Alpha factor mining aims to discover investment signals from the historical financial market data, which can be used to predict asset returns and gain excess profits. Powerful deep learning methods for alpha factor mining lack interpretability, making them unacceptable in the risk-sensitive real markets. Formulaic alpha factors are preferred for their interpretability, while the search space is complex and powerful explorative methods are urged. Recently, a promising framework is proposed for generating formulaic alpha factors using deep reinforcement learning, and quickly gained research focuses from both academia and industries. This paper first argues that the originally employed policy training method, i.e., Proximal Policy Optimization (PPO), faces several important issues in the context of alpha factors mining. Herein, a novel reinforcement learning algorithm based on the well-known REINFORCE algorithm is proposed. REINFORCE employs Monte Carlo sampling to estimate the policy gradient—yielding unbiased but high variance estimates. The minimal environmental variability inherent in the underlying state transition function, which adheres to the Dirac distribution, can help alleviate this high variance issue, making REINFORCE algorithm more appropriate than PPO. A new dedicated baseline is designed to theoretically reduce the commonly suffered high variance of REINFORCE. Moreover, the information ratio is introduced as a reward shaping mechanism to encourage the generation of steady alpha factors that can better adapt to changes in market volatility. Evaluations on real assets data indicate the proposed algorithm boosts correlation with returns by 3.83%, and a stronger ability to obtain excess returns compared to the latest alpha factors mining methods, which meets the theoretical results well.

查看原文本刊更多论文

定量因子强化：用方差有界强化挖掘稳定公式α因子

阿尔法因子挖掘的目的是从历史金融市场数据中发现投资信号，用于预测资产收益，获取超额利润。用于α因子挖掘的强大深度学习方法缺乏可解释性，这使得它们在风险敏感的真实市场中不可接受。公式化α因子因其可解释性而受到青睐，而搜索空间复杂，需要强有力的探索方法。最近，人们提出了一种利用深度强化学习生成公式化α因子的框架，并迅速获得了学术界和工业界的研究重点。本文首先认为，在alpha因子挖掘的背景下，最初采用的策略训练方法，即近端策略优化（PPO），面临着几个重要问题。在此基础上，提出了一种新的强化学习算法。强化算法采用蒙特卡罗抽样来估计策略梯度——产生无偏但方差高的估计。底层状态转换函数中固有的最小环境可变性符合Dirac分布，可以帮助缓解这种高方差问题，使强化算法比PPO更合适。设计了一种新的专用基线，从理论上降低了普遍存在的高配筋方差。此外，引入信息比率作为奖励形成机制，鼓励稳定α因子的产生，从而更好地适应市场波动的变化。对实际资产数据的评价表明，与最新的alpha因子挖掘方法相比，本文算法与收益的相关性提高了3.83%，获得超额收益的能力更强，与理论结果吻合较好。

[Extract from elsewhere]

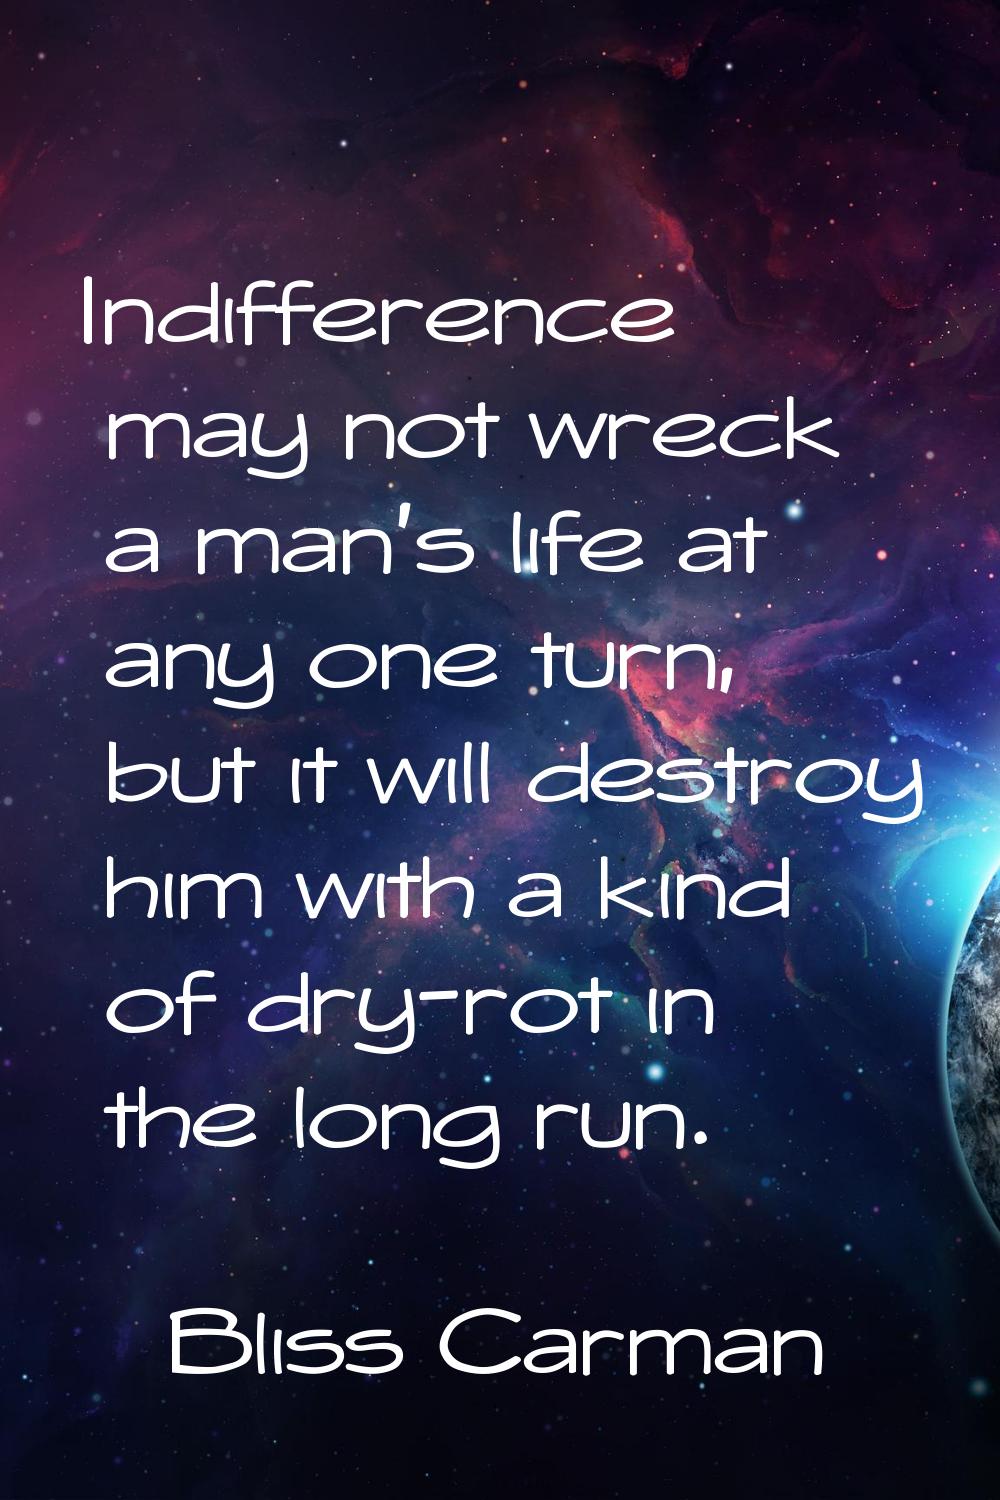 Indifference may not wreck a man's life at any one turn, but it will destroy him with a kind of dry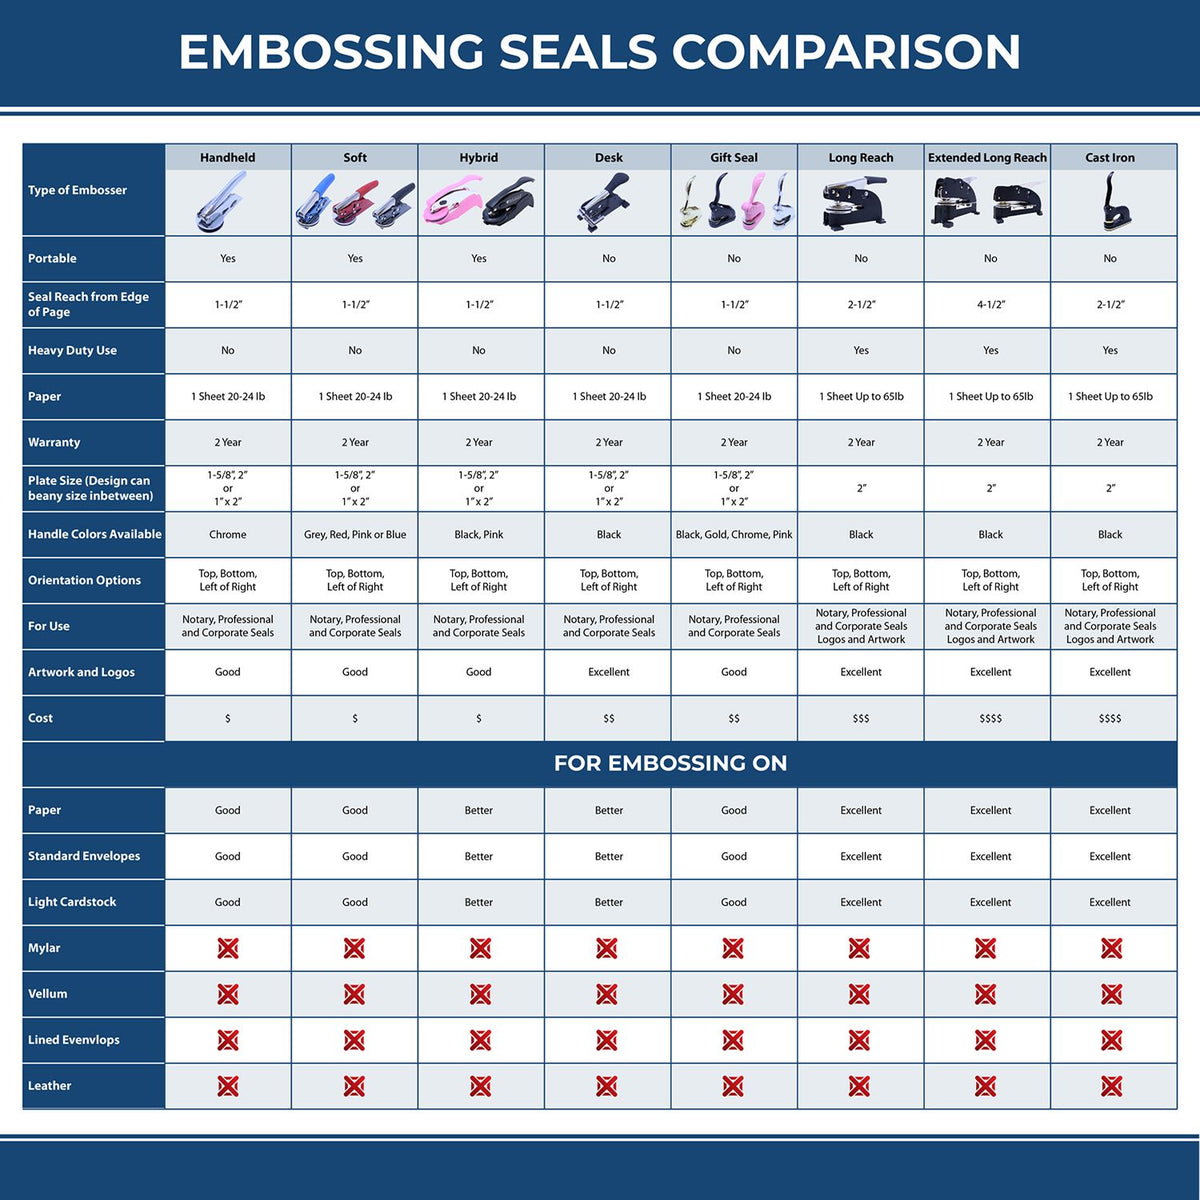 A comparison chart for the different types of mount models available for the State of Kansas Long Reach Architectural Embossing Seal.

本文章由计算机程序翻译，如有差异，请以英文原文为准。

求助全文

约1分钟内获得全文求助全文

来源期刊

IEEE Transactions on Signal Processing 工程技术-工程：电子与电气

CiteScore

11.20

自引率

9.30%

发文量

310

审稿时长

3.0 months

期刊介绍： The IEEE Transactions on Signal Processing covers novel theory, algorithms, performance analyses and applications of techniques for the processing, understanding, learning, retrieval, mining, and extraction of information from signals. The term “signal” includes, among others, audio, video, speech, image, communication, geophysical, sonar, radar, medical and musical signals. Examples of topics of interest include, but are not limited to, information processing and the theory and application of filtering, coding, transmitting, estimating, detecting, analyzing, recognizing, synthesizing, recording, and reproducing signals.